→ **Given data**
•••••

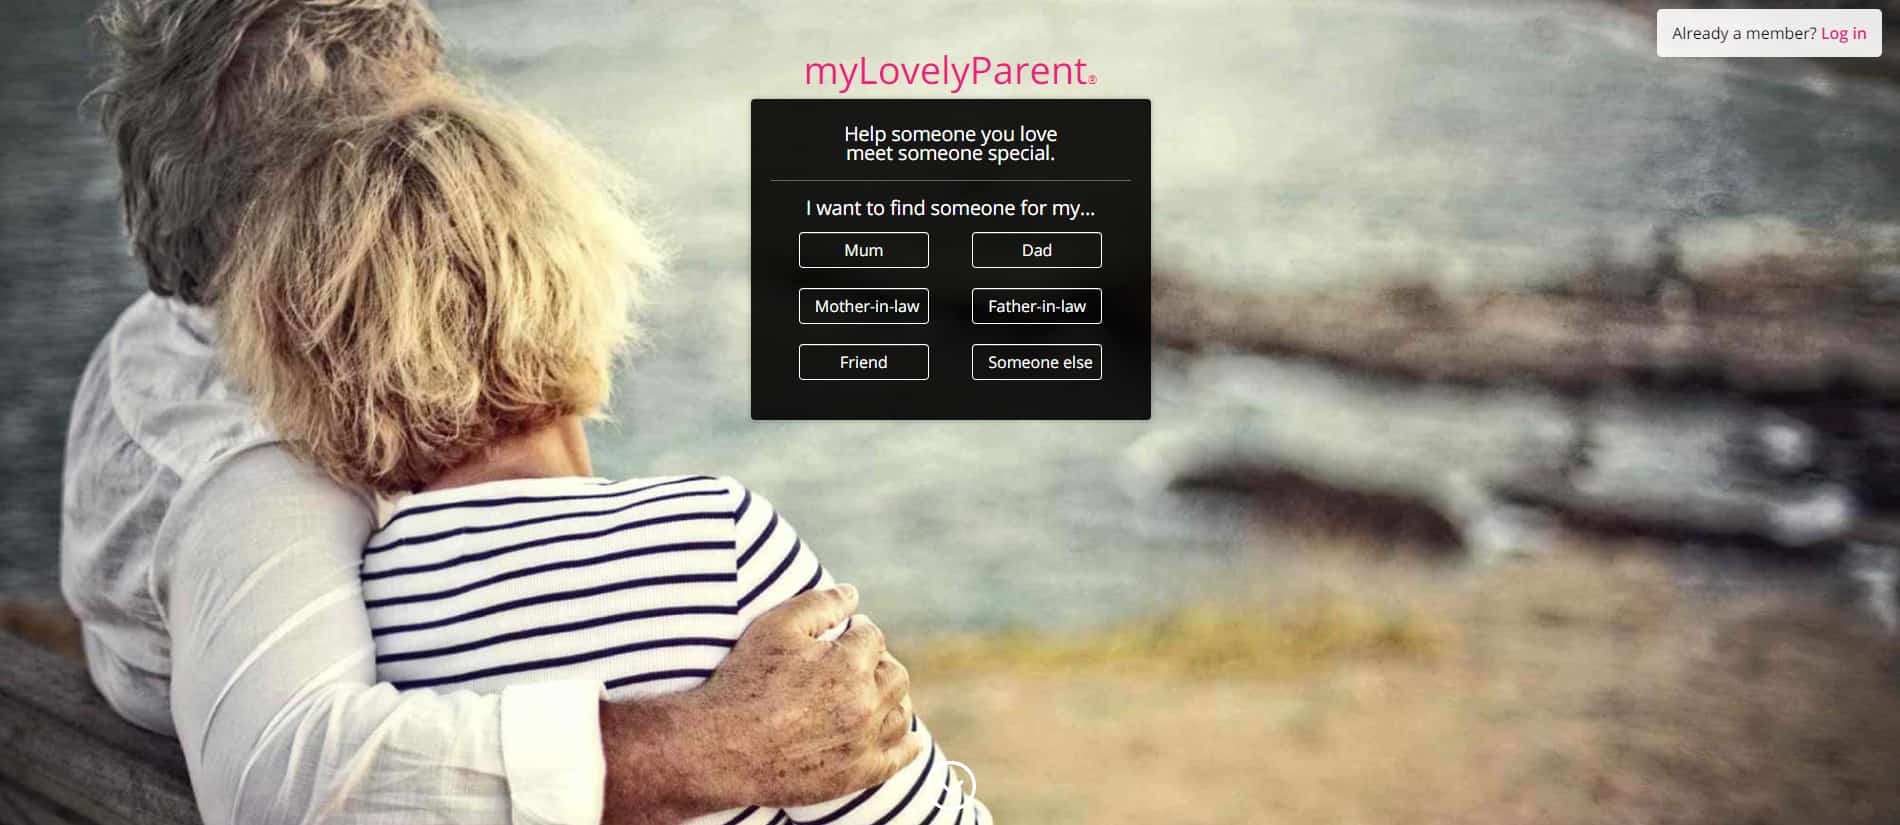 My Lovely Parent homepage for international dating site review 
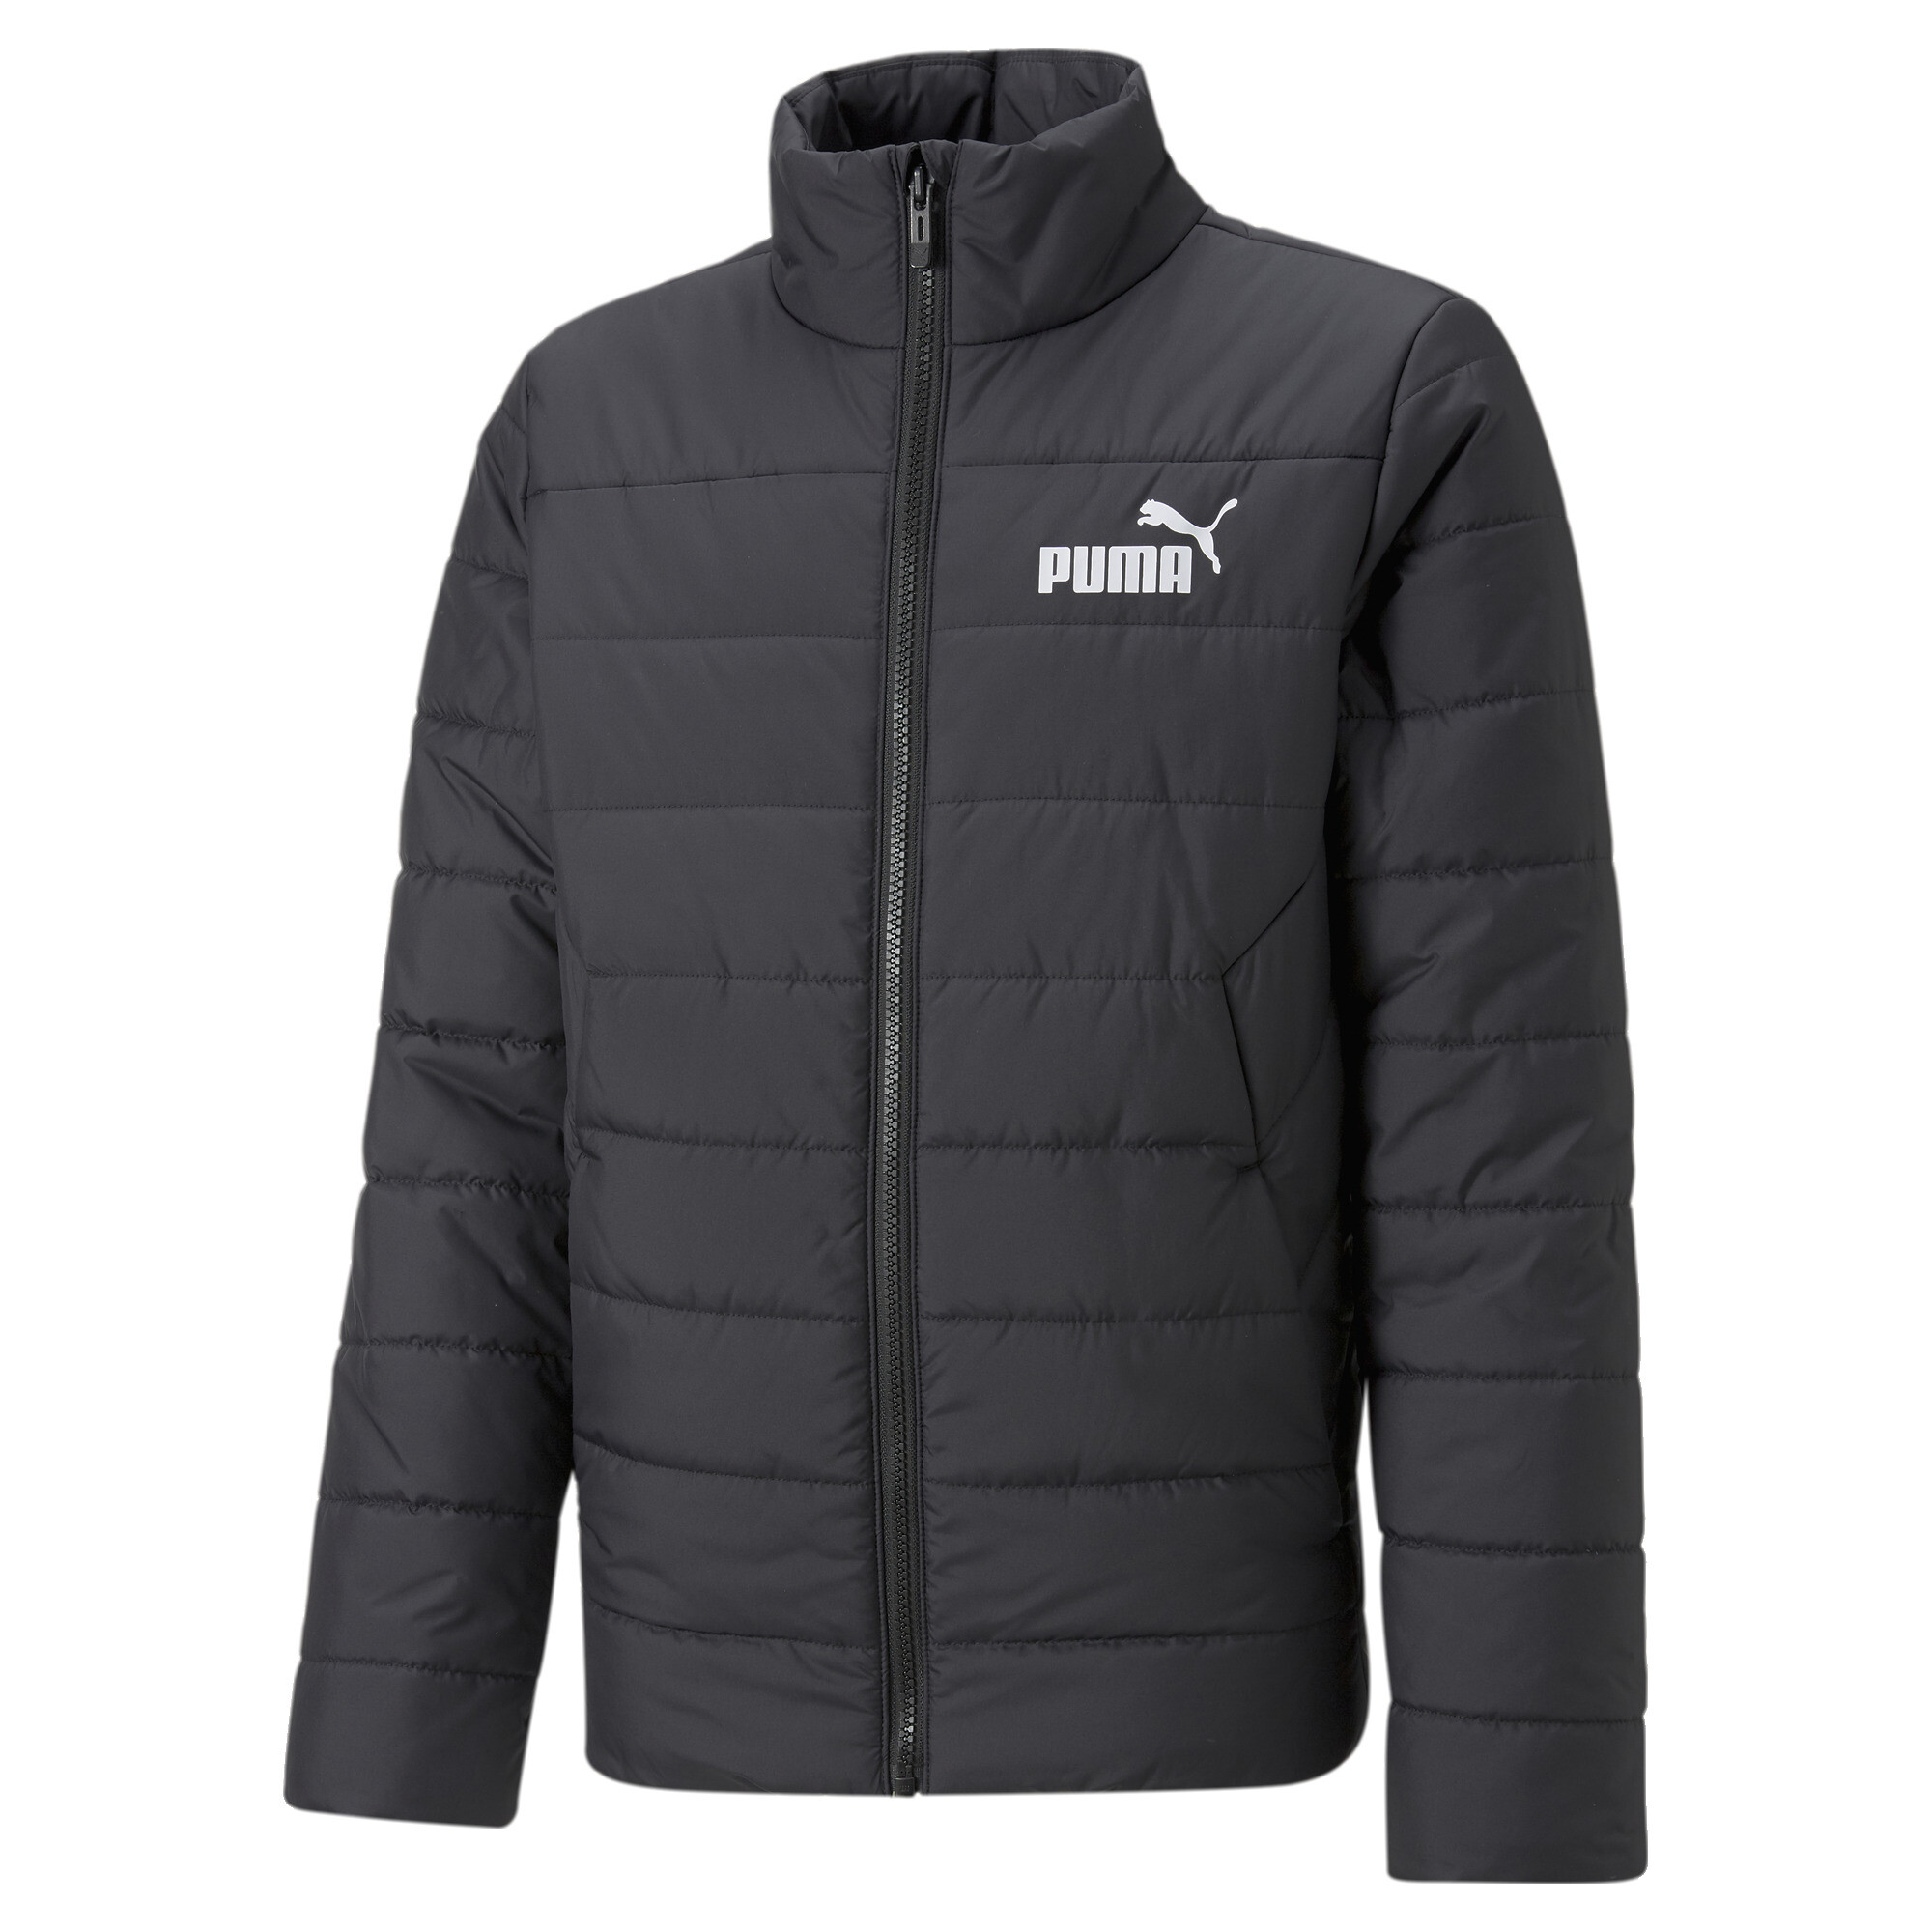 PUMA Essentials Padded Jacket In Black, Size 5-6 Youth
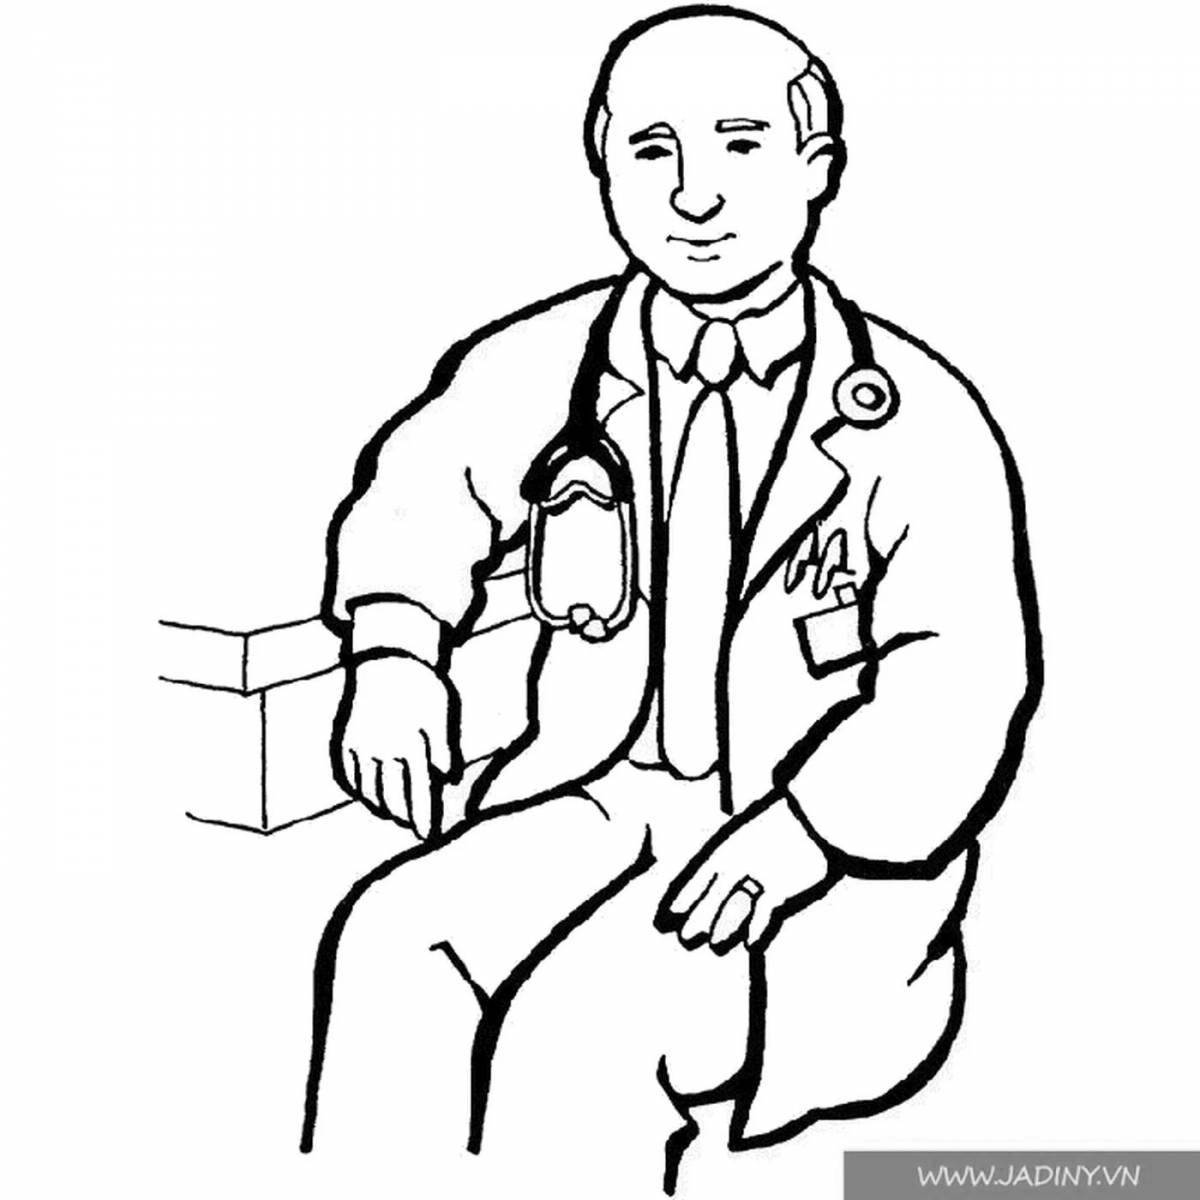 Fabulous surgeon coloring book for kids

•••••

→ **Your assignment**
Skipping all pictures, set the listing down exactly as written.

→ **Task output**
 My Lovely Parent homepage for international dating site review 
 PUMA Essentials Padded Jacket In Black, Size 5-6 Youth
 Fabulous surgeon coloring book for kids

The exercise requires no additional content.